While Apple-branded products take out majority of the top 10 hottest products this Christmas, the Fitbit appears to be the favorite amongst adults. This product continues to take the lead as the number one searched for gift two years in a row.

Following the technology trend, Hatchimals hit the top spot in the toy department, with major retailers seeing these interactive hatching eggs fall off the shelves.

Steve Cox, Dymocks managing director says Harry Potter is a Christmas stocking must have for all book lovers out there.

“It can’t be Christmas without the magic of Harry Potter,” said Mr Cox, “The last few months have seen the release of the Illustrated Harry Potter and the Chamber of Secrets and the original screenplay of Fantastic Beasts and Where to Find Them, so whether you’re an existing fan or new to the wizarding world, they make the perfect addition to any reader's bookshelf,” Mr Cox said.

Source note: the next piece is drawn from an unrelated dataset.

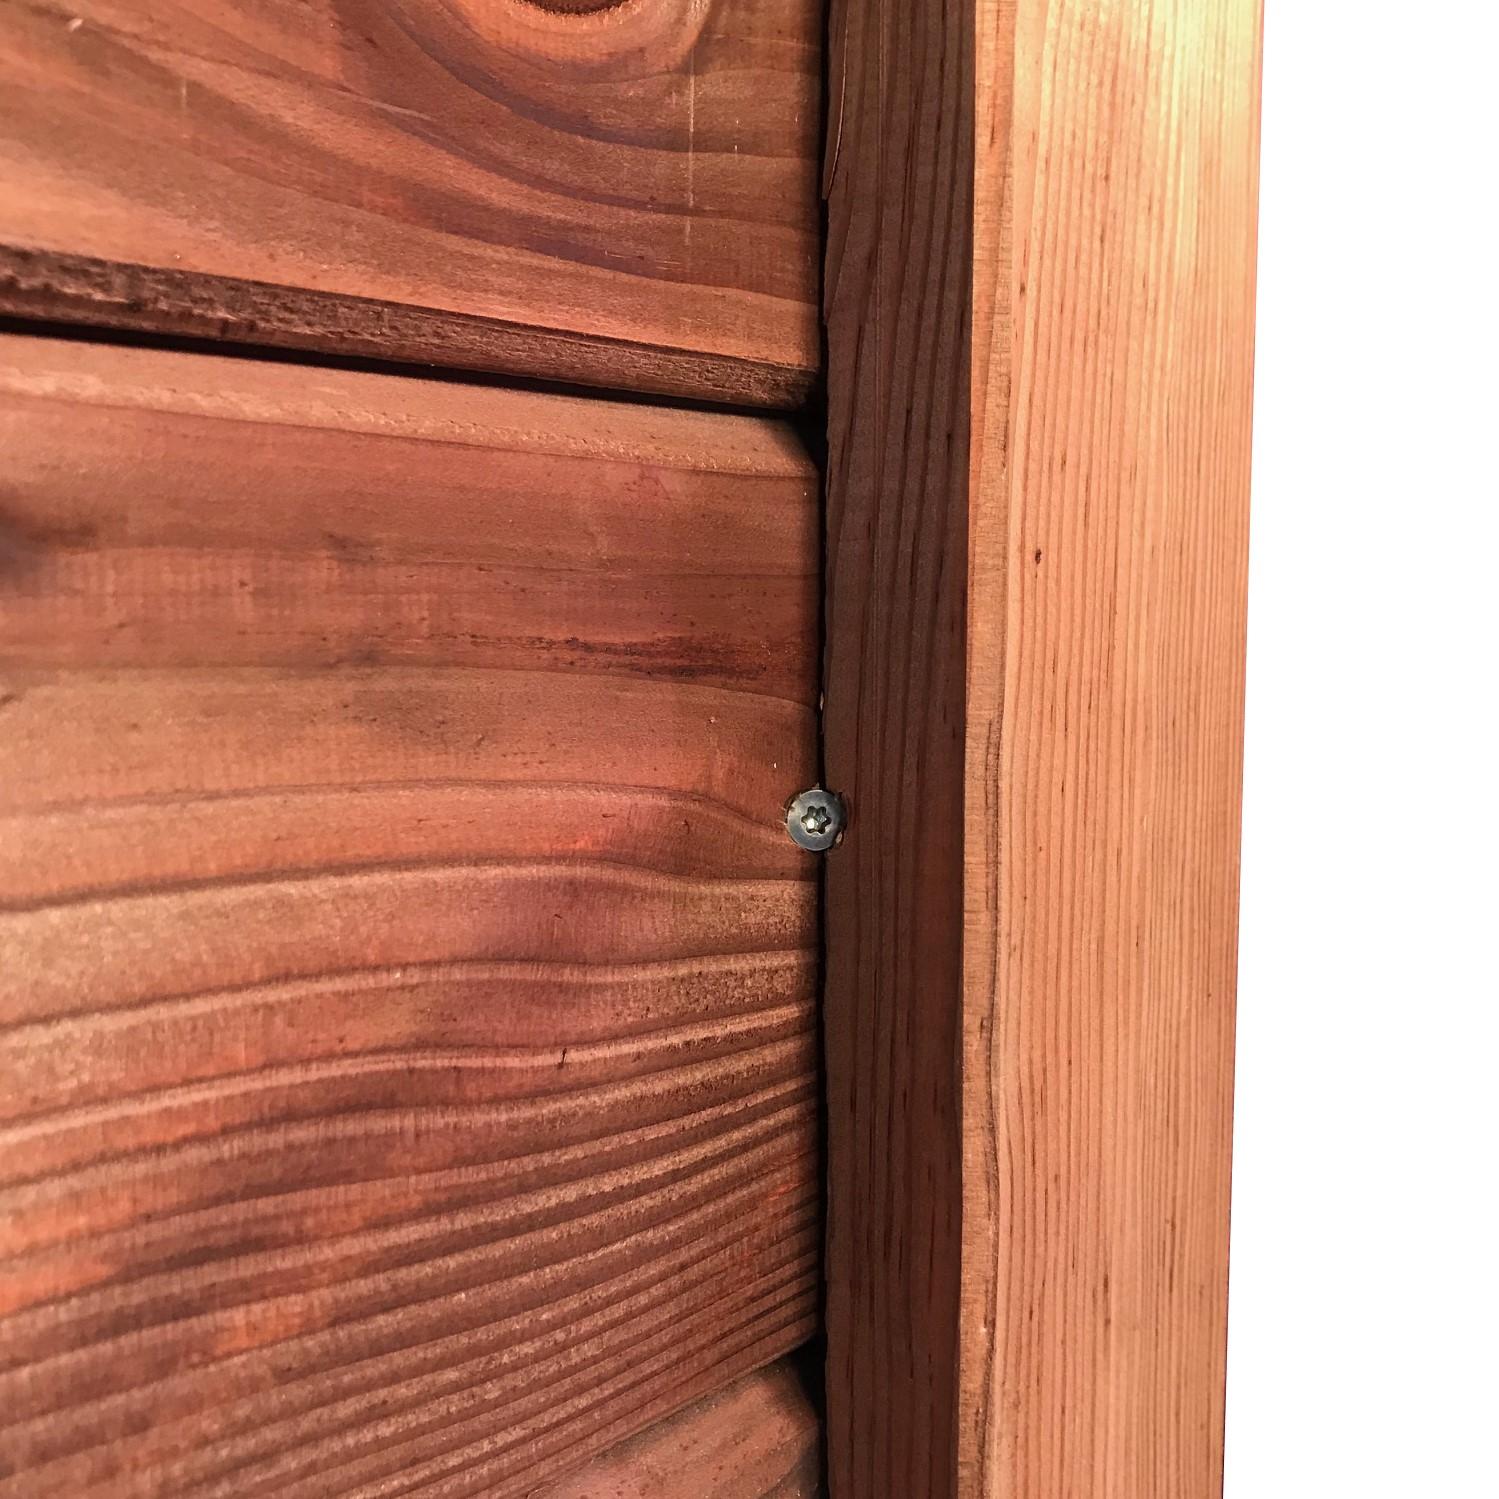 lames de clture emboiter coloris brun palissade bois teint. Black Bedroom Furniture Sets. Home Design Ideas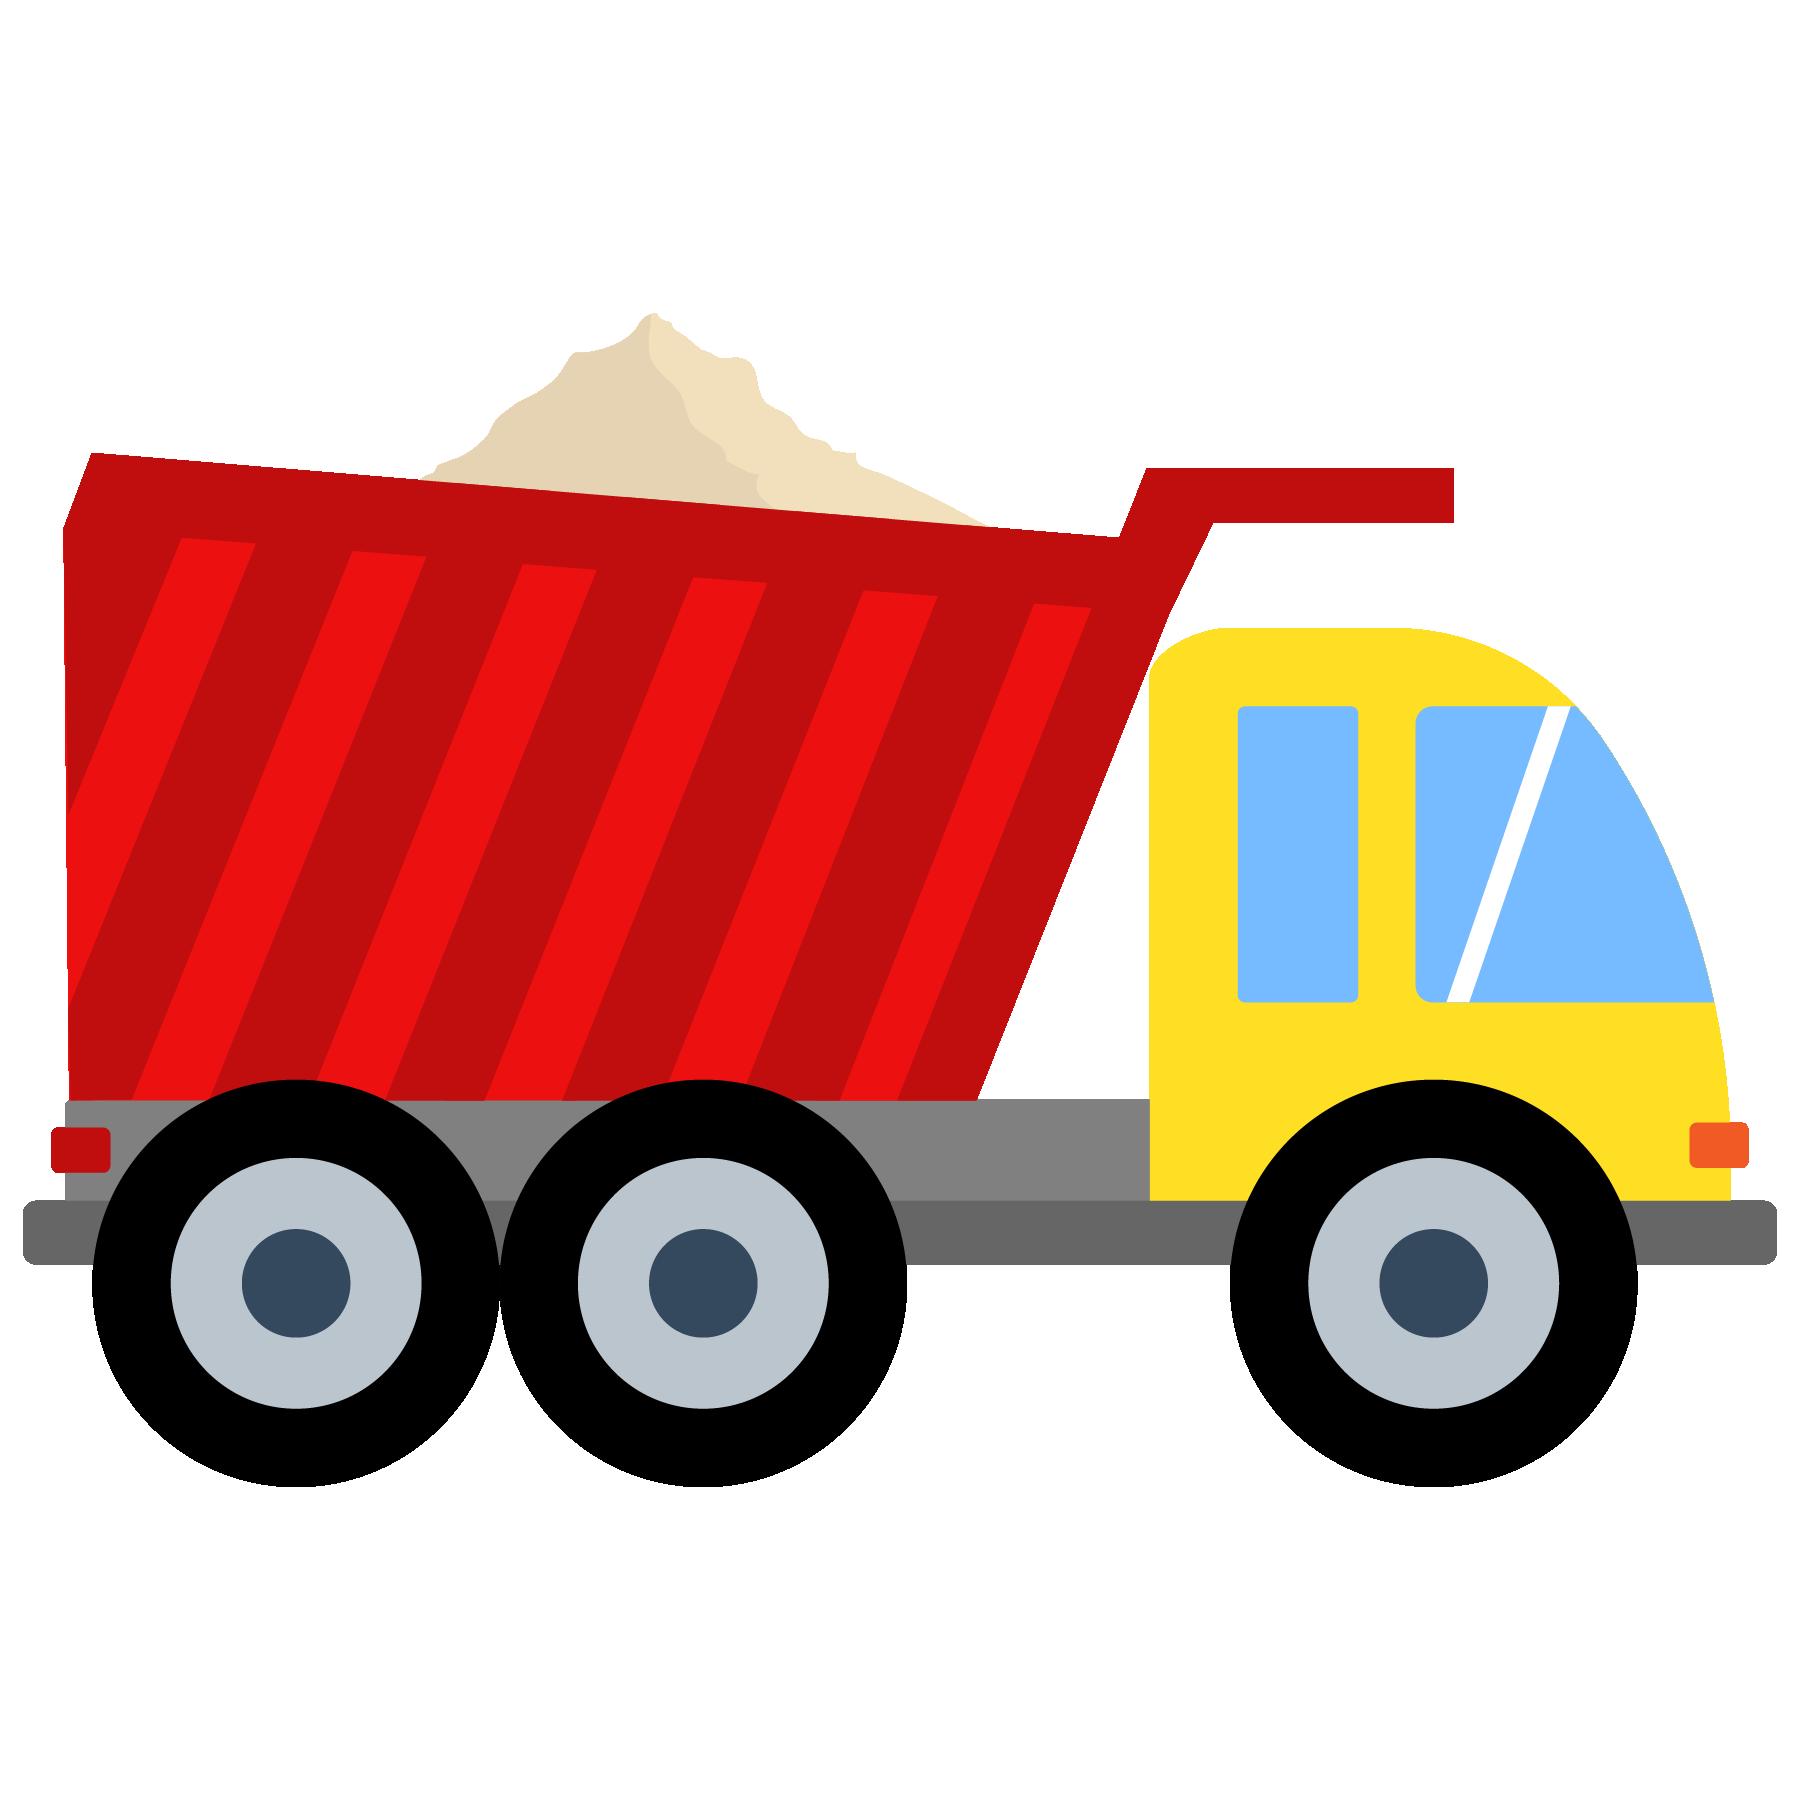 Dump Truck Clipart | Free download best Dump Truck Clipart ...

For those looking to fill the family table for Christmas lunch, Sydney Fish Market is expecting more than 100,000 shoppers to visit the market between Friday December 23 and Saturday December 24 to source their fresh seafood for their Christmas feast.

ARA Executive Director, Russell Zimmerman says fresh fish, prawns, oysters and scallops are likely to be on everyone’s Christmas menu this year.

“With the sun promising to shine brightly this Christmas day, we are expecting Australians to shop big on fresh seafood for the long-anticipated Christmas barbie,” Mr Zimmerman said.

Sydney Fish Market general manager, Bryan Skepper, says the Sydney Fish Market is a foodie’s haven and a one-stop shop for all Christmas supplies.

“It’s obvious that adults see the Christmas holiday as a seafood celebration as we expect to trade 700 tonnes of fresh seafood this year, that’s equivalent to the weight of 350,000 Christmas trees,” Mr Skepper said.

Although the Sydney Fish Market expects to trade more than 200 tonnes of prawns and 900,000 oysters, Mr Skepper says this Christmas is not all about seafood.

“Shoppers can also grab a Christmas turkey or a rare-breed Kurobuta Ham from the market’s butcher, get advice from the bottle shop on the best wines and beer to accompany their Christmas meal, or even pick up fresh bread from the bakery.”

This weekend will see a surge of foot traffic across all retail stores with Australians stocking up for Christmas celebrations and purchasing last minute supplies to tide them over on Christmas Day when stores may be closed.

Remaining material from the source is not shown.